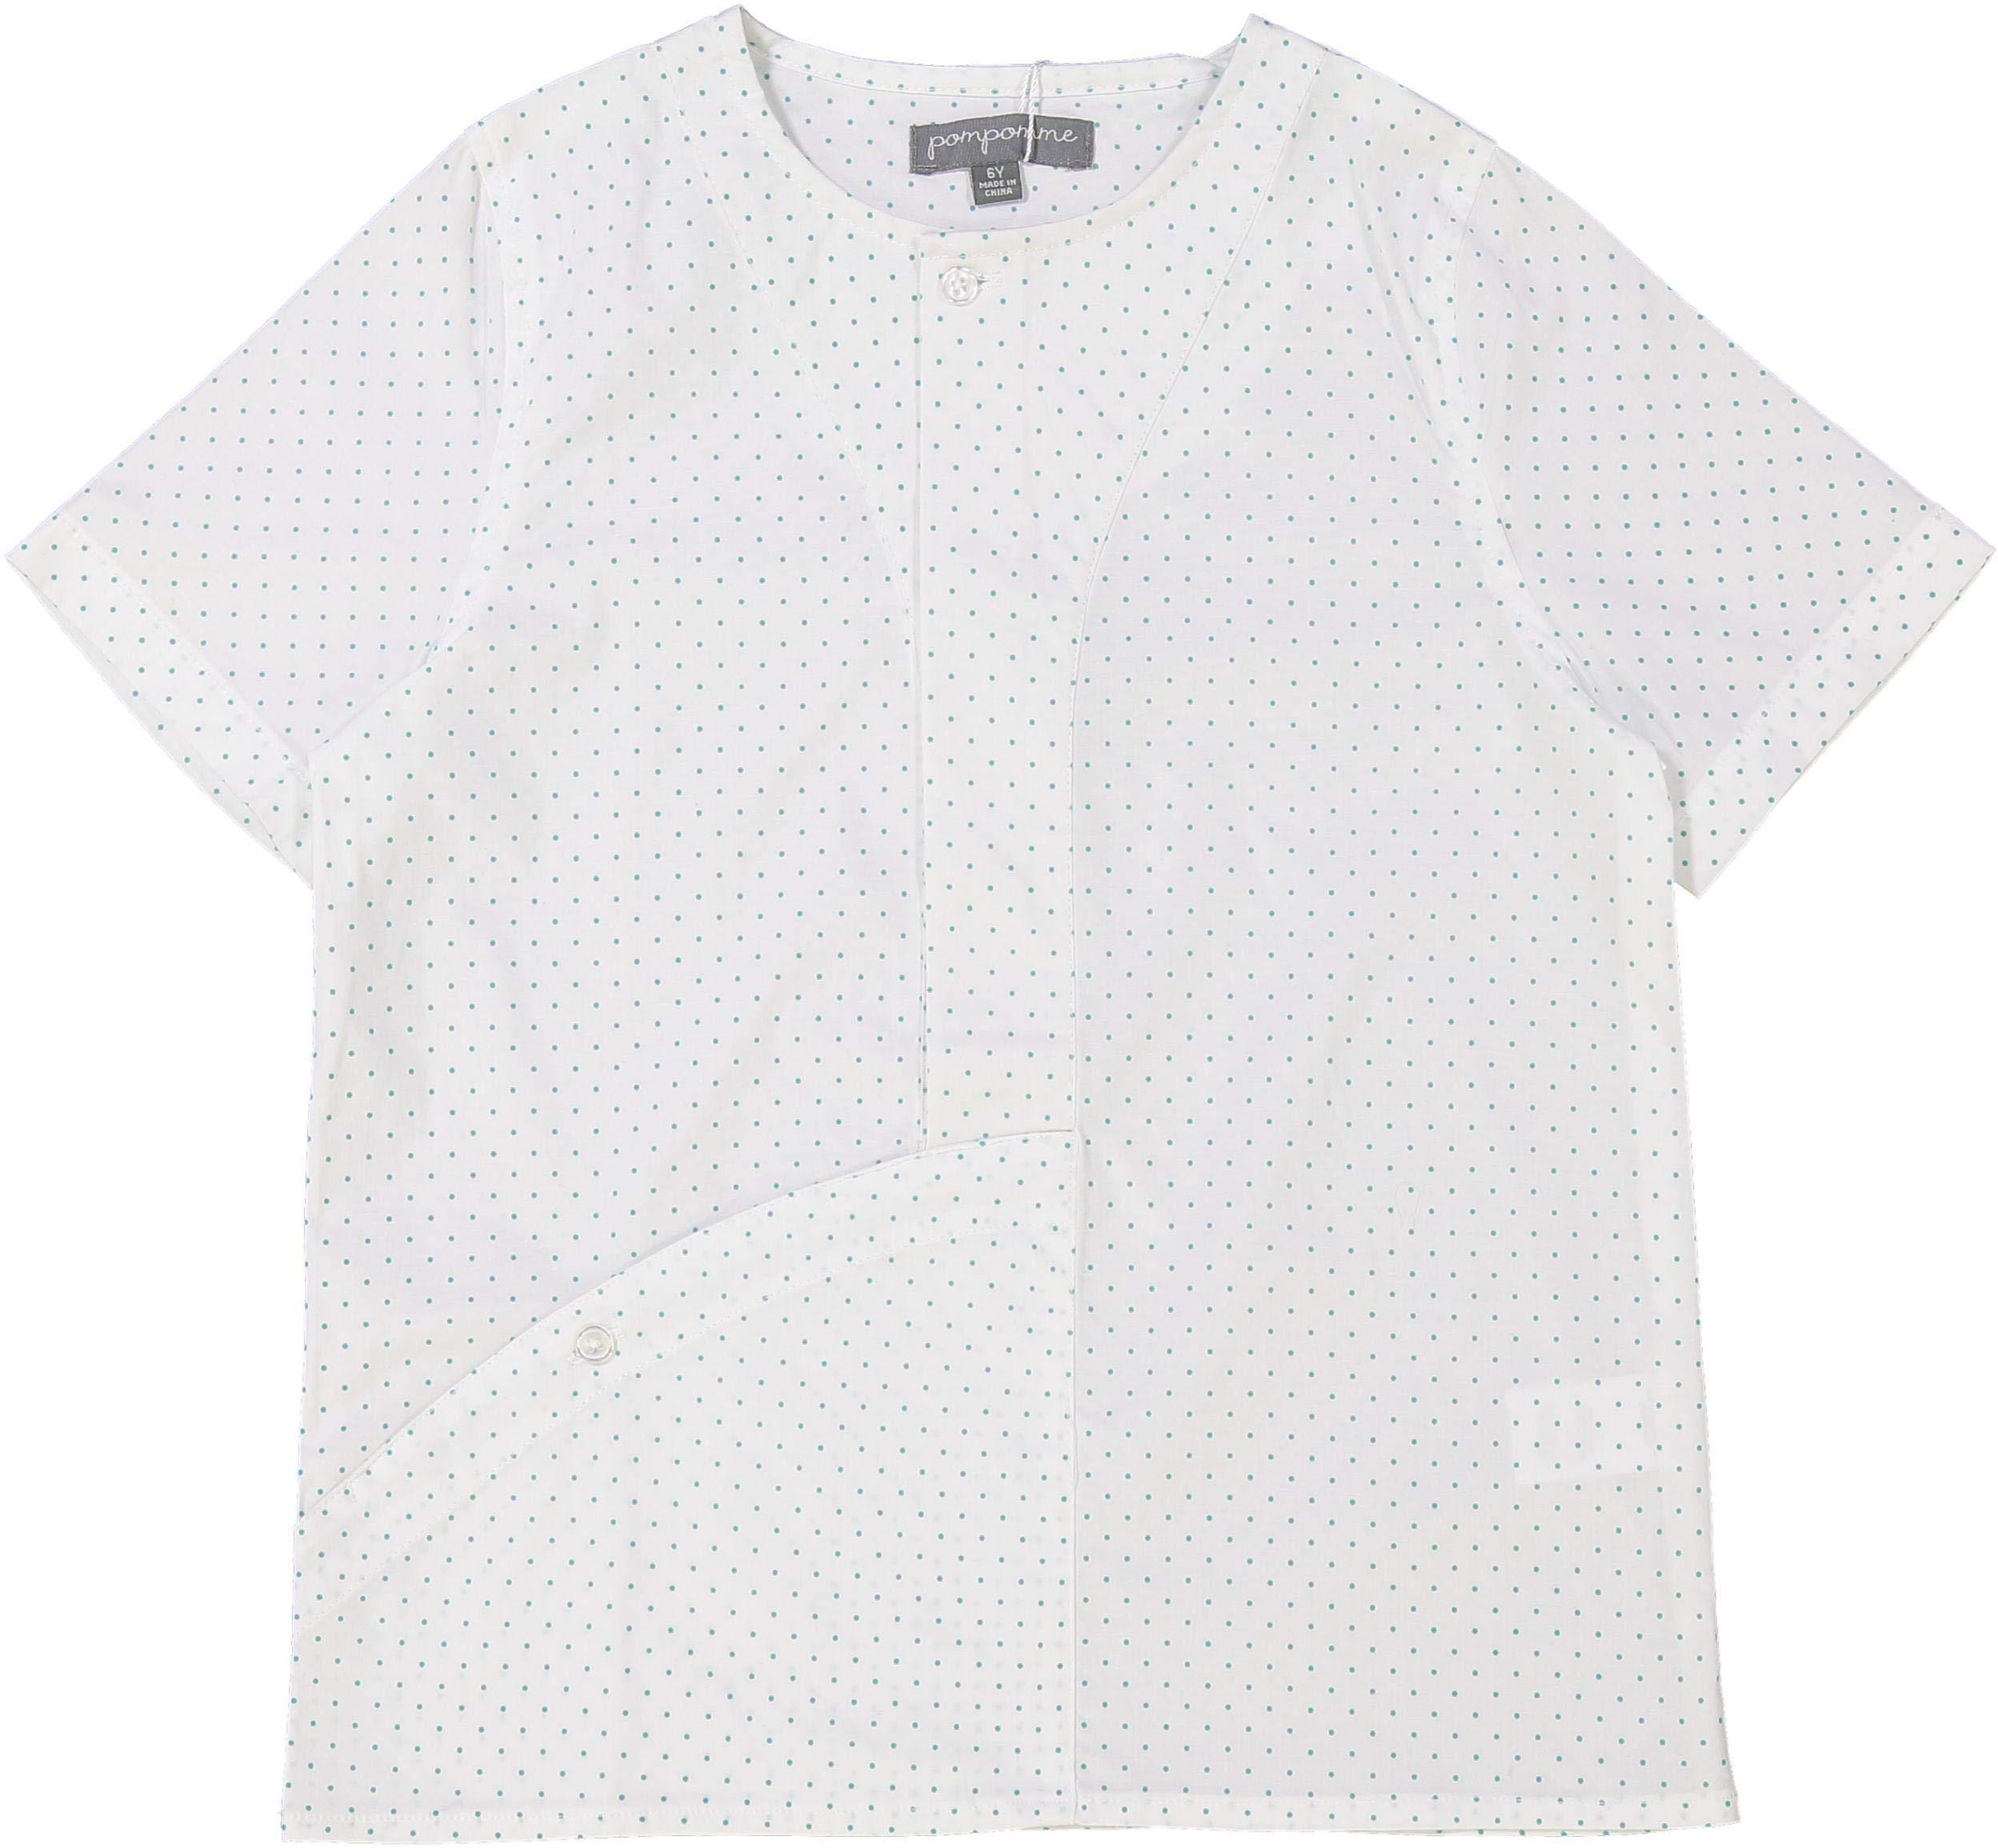 Pompomme Boys Short Sleeve Dress Shirt with No Collar - 7304EM - Emerald, 18 Months
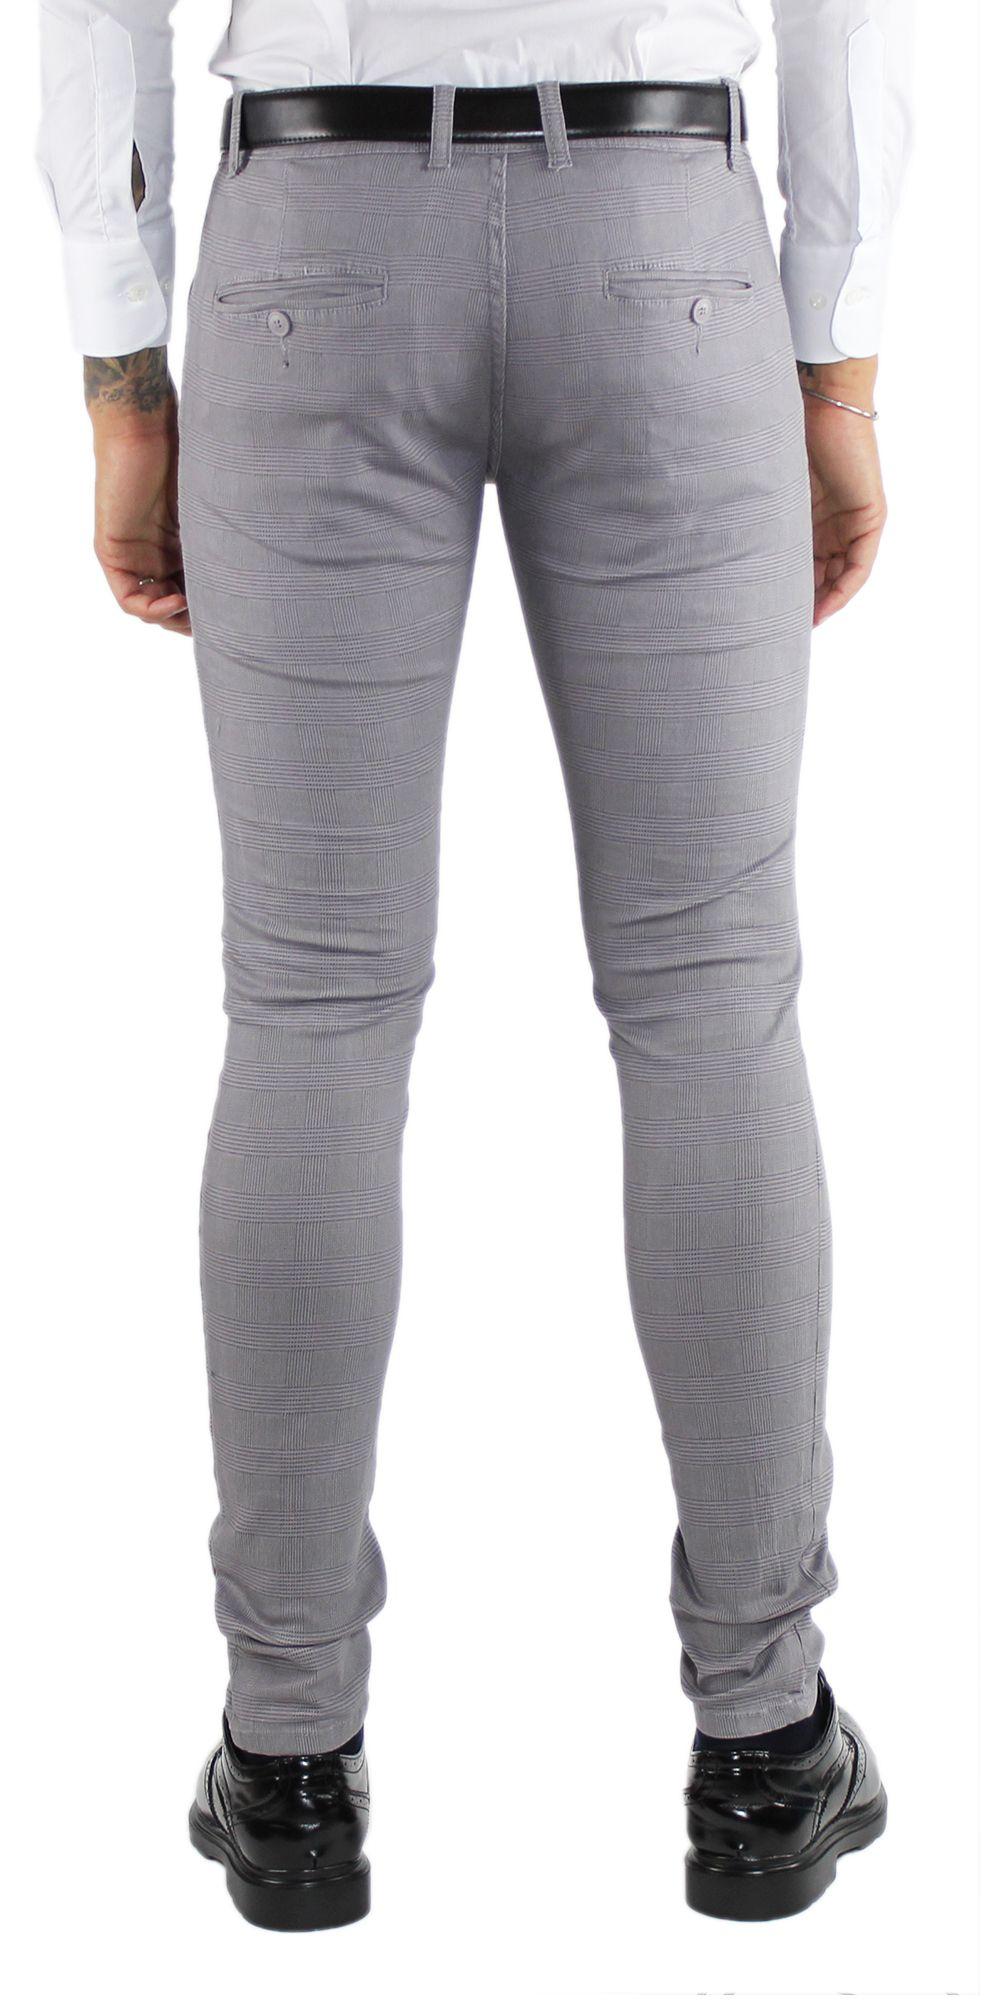 Pantaloni-Uomo-Invernali-a-Quadri-Eleganti-Pantalone-Slim-Fit-Elasticizzati-Scoz miniatura 5
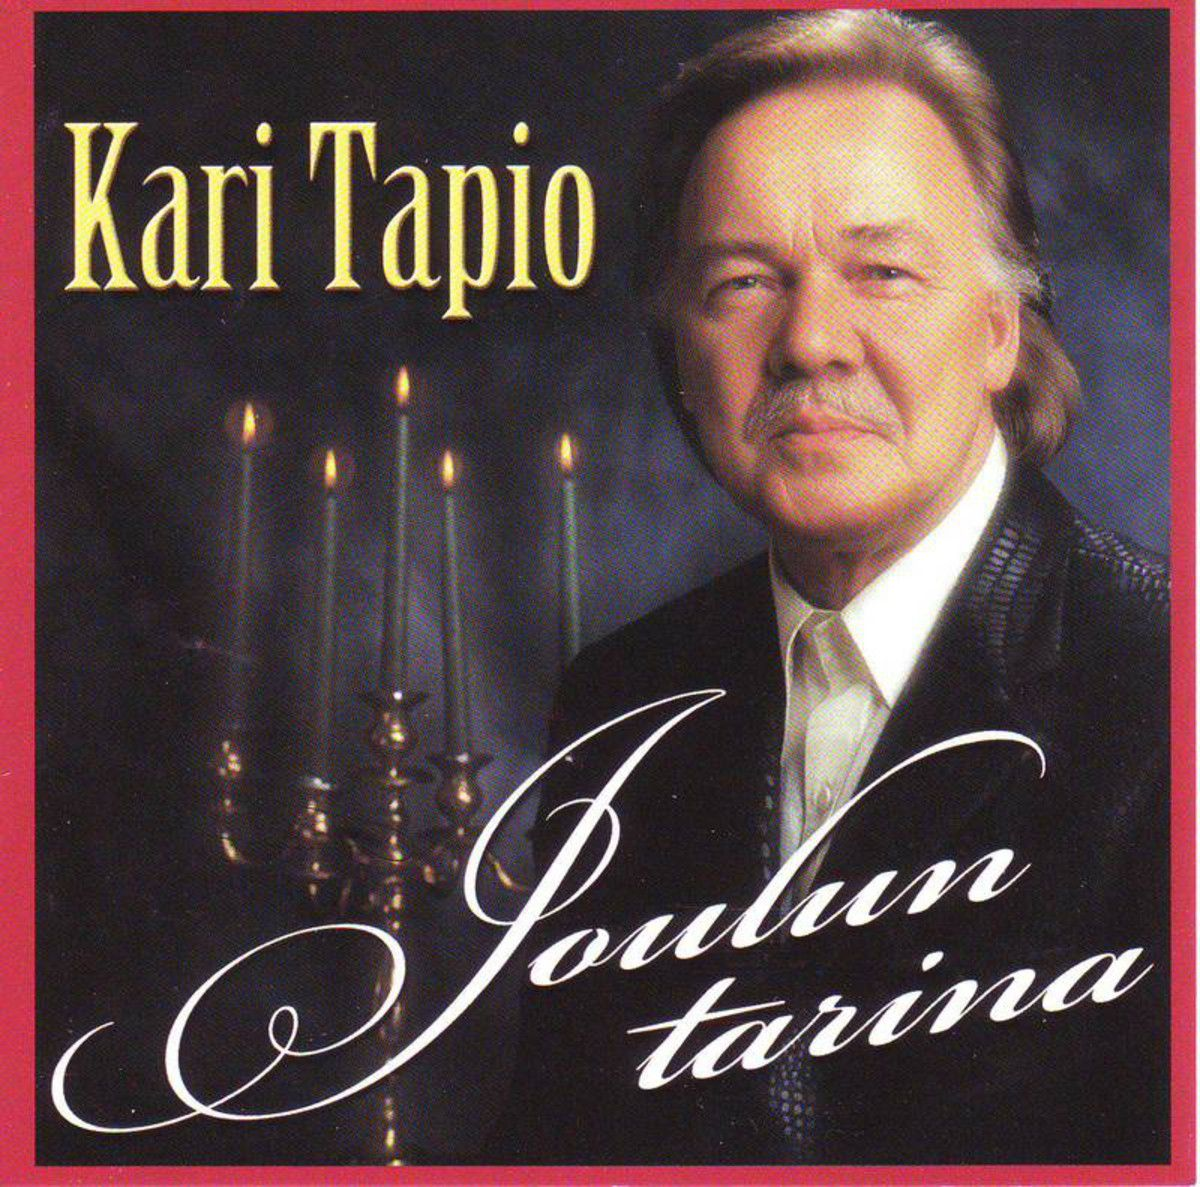 Kari Tapio - Joulun Tarina album cover

══════

_The problem:_
I would like the material repeated in full and exactly, with its images omitted.

_Exercise response:_
 Pompomme Boys Short Sleeve Dress Shirt with No Collar - 7304EM - Emerald, 18 Months
 Pantaloni-Uomo-Invernali-a-Quadri-Eleganti-Pantalone-Slim-Fit-Elasticizzati-Scoz miniatura 5
 Kari Tapio - Joulun Tarina album cover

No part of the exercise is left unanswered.